The need for new water cannons for the federal and state police of Germany was first discussed at the 2005 Innenministerkonferenz; some older Wasserwerfer 9000s, previously criticised for safety concerns, were due to be retired following the 2006 FIFA World Cup that would take place across Germany. Following a tendering process by the Federal Ministry of the Interior's procurement agency, the contract to build these new water cannons was won by Austrian fire engine manufacturer Rosenbauer in 2008, and development of the Wasserwerfer 10000 commenced.

The first prototype Wasserwerfer 10000 was handed over to the Federal Ministry of the Interior in 2009, and the first production examples were delivered to state police forces in Hamburg, Berlin, Saxony, North Rhine-Westphalia and Baden-Württemberg between 2010 and 2011. The Wasserwerfer 10000 is built on the Mercedes-Benz Actros 3341 tri-axle truck chassis with an armored angular body, preventing rioters from climbing onto the roof and projectiles from damaging it, and is equipped with a polycarbonate shatter-proof windshield. Three spray nozzles aimed with integrated closed-circuit television cameras and controlled by joysticks are positioned on the roof; two on the front and one on the rear of the truck. Loudspeakers are also equipped. The vehicle is operated by a crew of five police officers.
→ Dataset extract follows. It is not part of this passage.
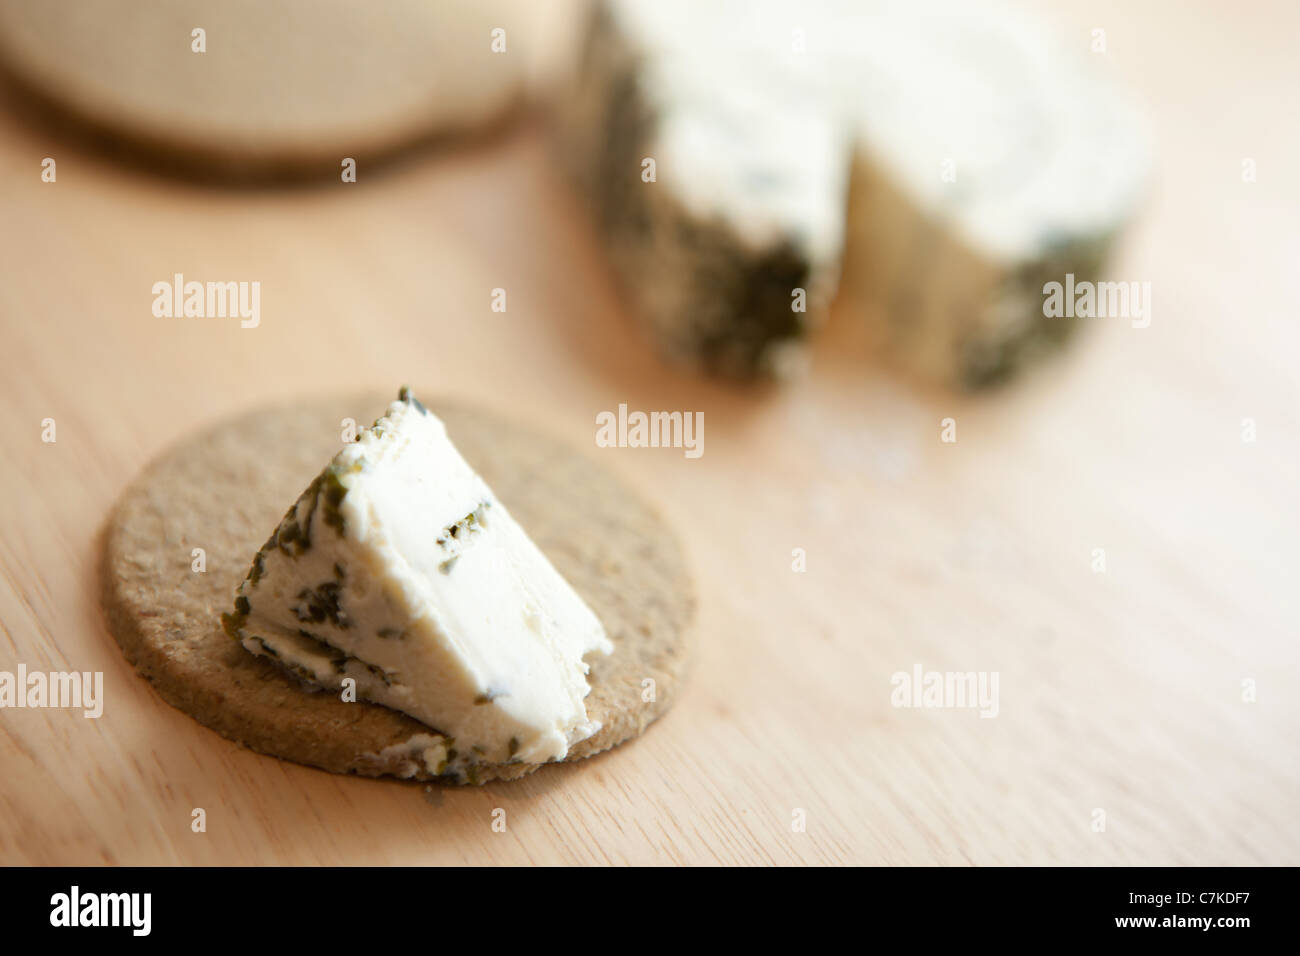 An oatcake with a slice of garlic and herb cream cheese, with oatcakes and cheese in the background against a wooden surface Stock Photo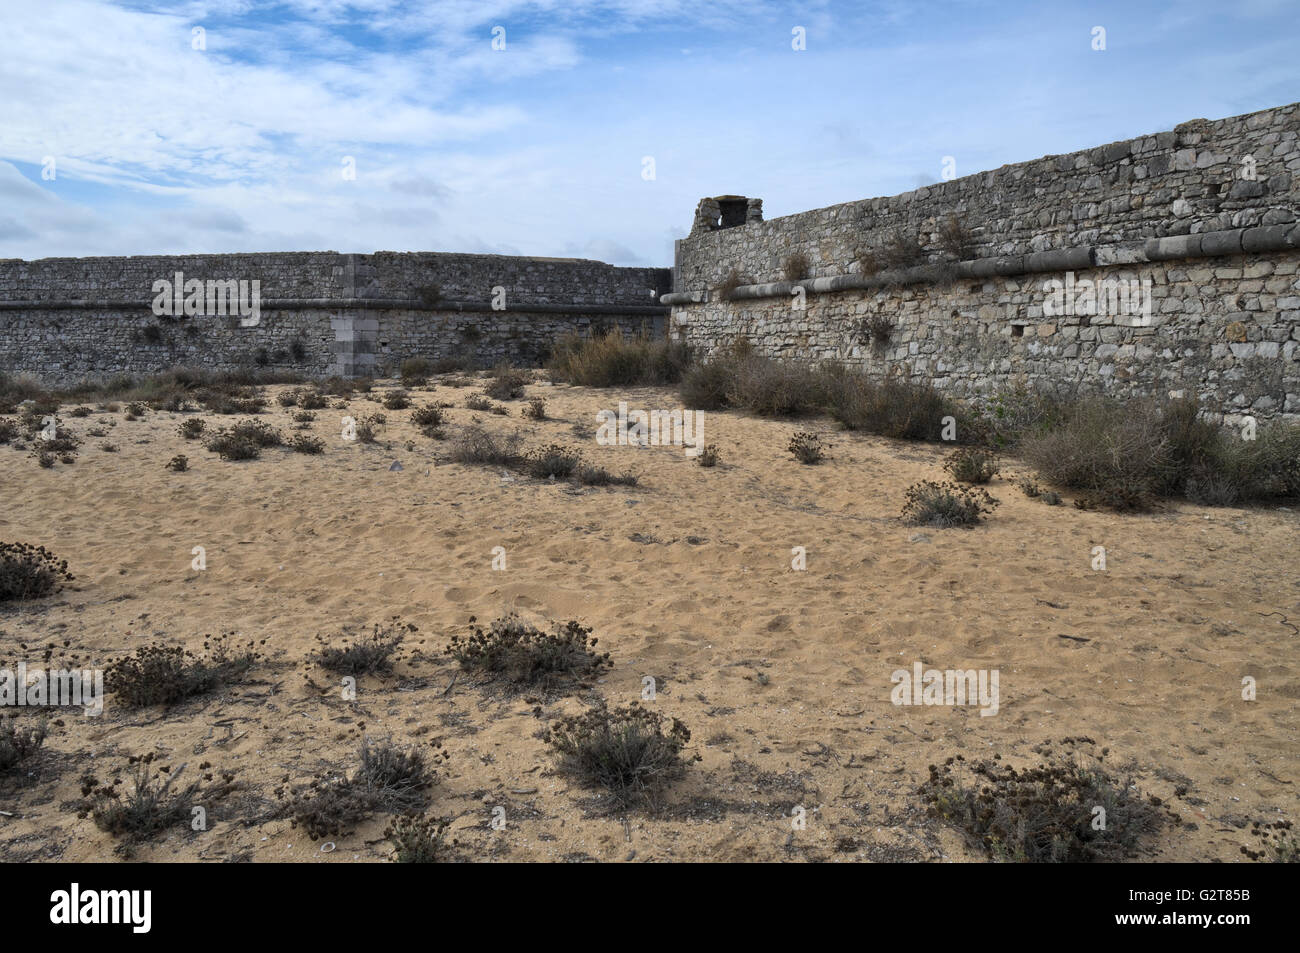 View of the historical ruins of Forte do Rato in Tavira. Travel and vacation destinations. Stock Photo

A total of 78 Wasserwerfer 10000s were ordered by police forces across Germany throughout its production run, replacing 117 Wasserwerfer 9000s in a replacement scheme lasting until 2019. As of 2020, following a total of 15 operated by the Bundespolizei, the largest operators of Wasserwerfer 10000s include the states of Hamburg and North Rhine-Westphalia, both operating six of the type, and Berlin and Bavaria, who operate five. Wasserwerfer 10000s have been used in a number of protests and riot control scenarios, including a large deployment at protests during the 2017 G20 Hamburg summit.

The effectiveness of the Wasserwerfer 10000's polycarbonate windshield was questioned in 2014 following an incident in a Thuringia state police training exercise, in which mock rioters damaged the windshield by throwing plastic bottles, eggs and tennis balls at it.

The Wasserwerfer 10000 is also exported and entered service with Slovenian National Police Force.